Every morning Zora and I would sit opposite each other at the wobbly kitchen table by the window, communicating through gestures. Outside the window, I could see the Holiday Inn, an ugly box-like structure that looked like a huge yellow square toy, punctuated with holes in the walls from gunshots and bombing.
On my first day, I showed Zora the photographs I brought, among them a picture of my father, my sisters, and me. Looking at the photo through her eyes, I could see the absence of a mother. “No mama, cancer,” I said.
One night, after my bath, Zora handed me her blowdryer.
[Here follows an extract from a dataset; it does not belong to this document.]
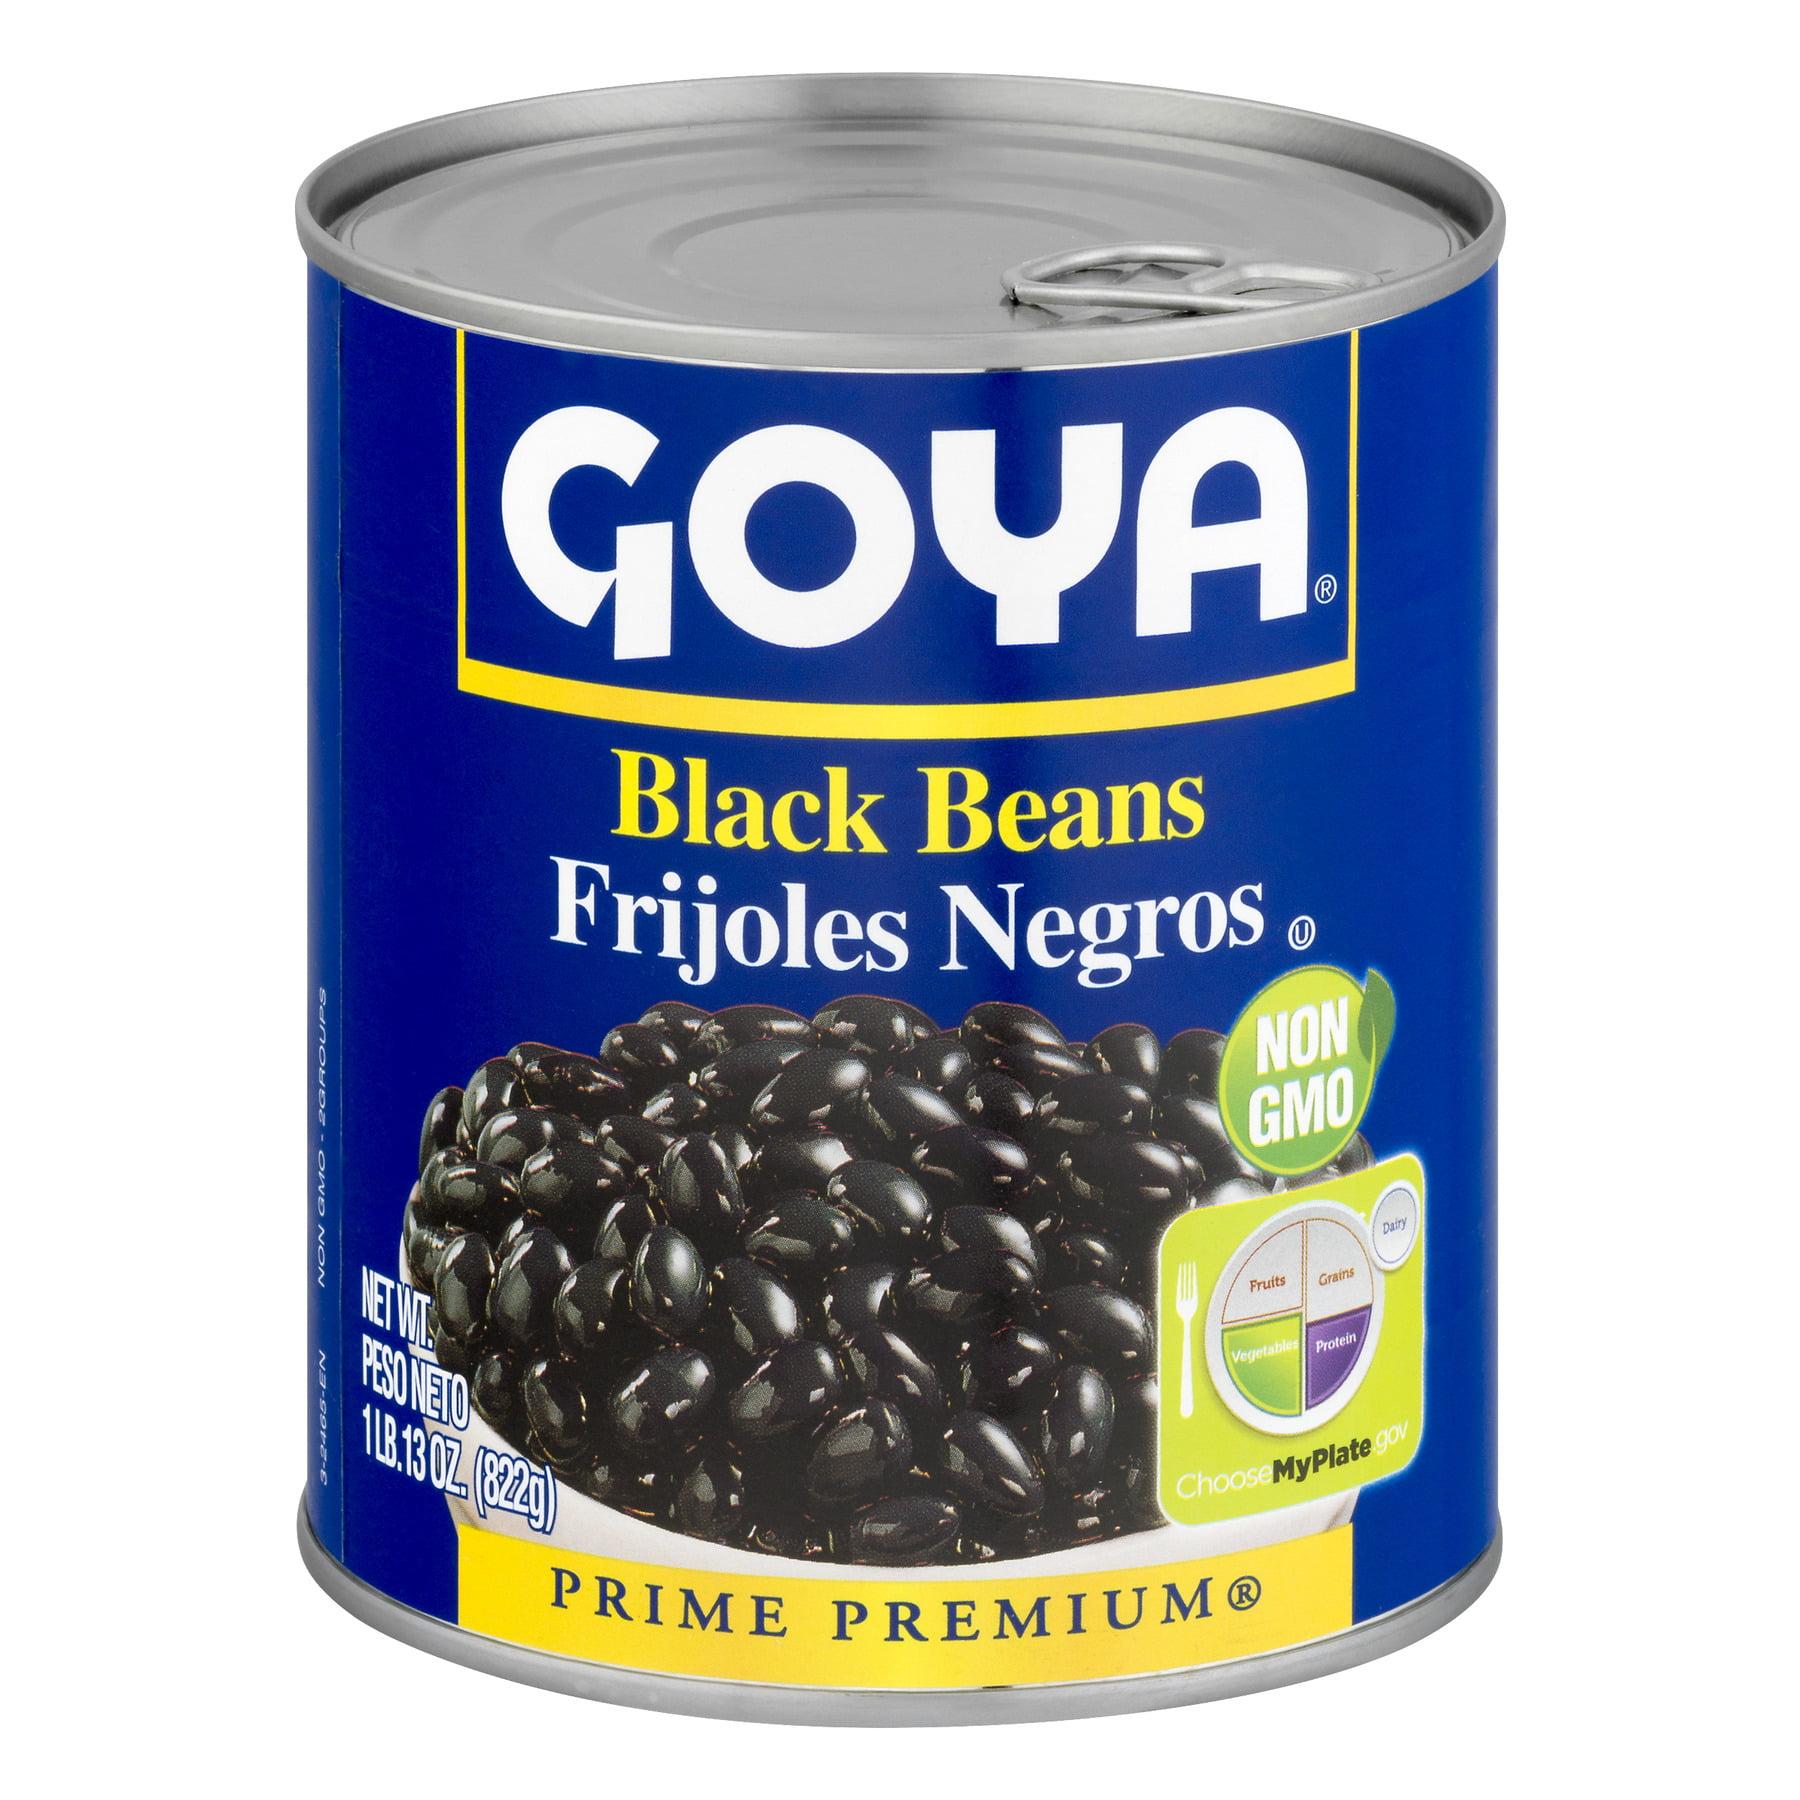 (6 Pack) Goya Black Beans, 29.0 Oz

I said, “It’s okay, Zora. I’m not going out, I’m going to sleep.” She looked at me fiercely, plugged the blowdryer into the kitchen outlet, and motioned me to sit down. She stood behind me, blow drying my hair and chatting to Bronco. In their conversation, I heard her say, “Mama kaput.”
Sitting in my pajama pants and T-shirt, grown-ups hovering behind my chair, Zora taking care of me, I suddenly felt very young, filled with an ache for all my accumulated years of motherlessness. After she finished, I scribbled on a scrap of paper “1976 no Mama.” They had not known the date of my mother’s death. Quickly I said good night and hurried into the bedroom, feeling a rush of tears. I had never realized until being with Zora how much I missed being mothered.
6. The Way Out Of My Blues Was Action
I would never suggest that this is the solution for everyone, but my antidote to low self-esteem was to put my attention on other people — not only in Bosnia, but back in California, where I gave presentations, wrote articles, and raised money for Women for Women. Focusing on others, especially people in pain, helped me stop thinking about myself. Now, 23 years later, I have never forgotten that lesson.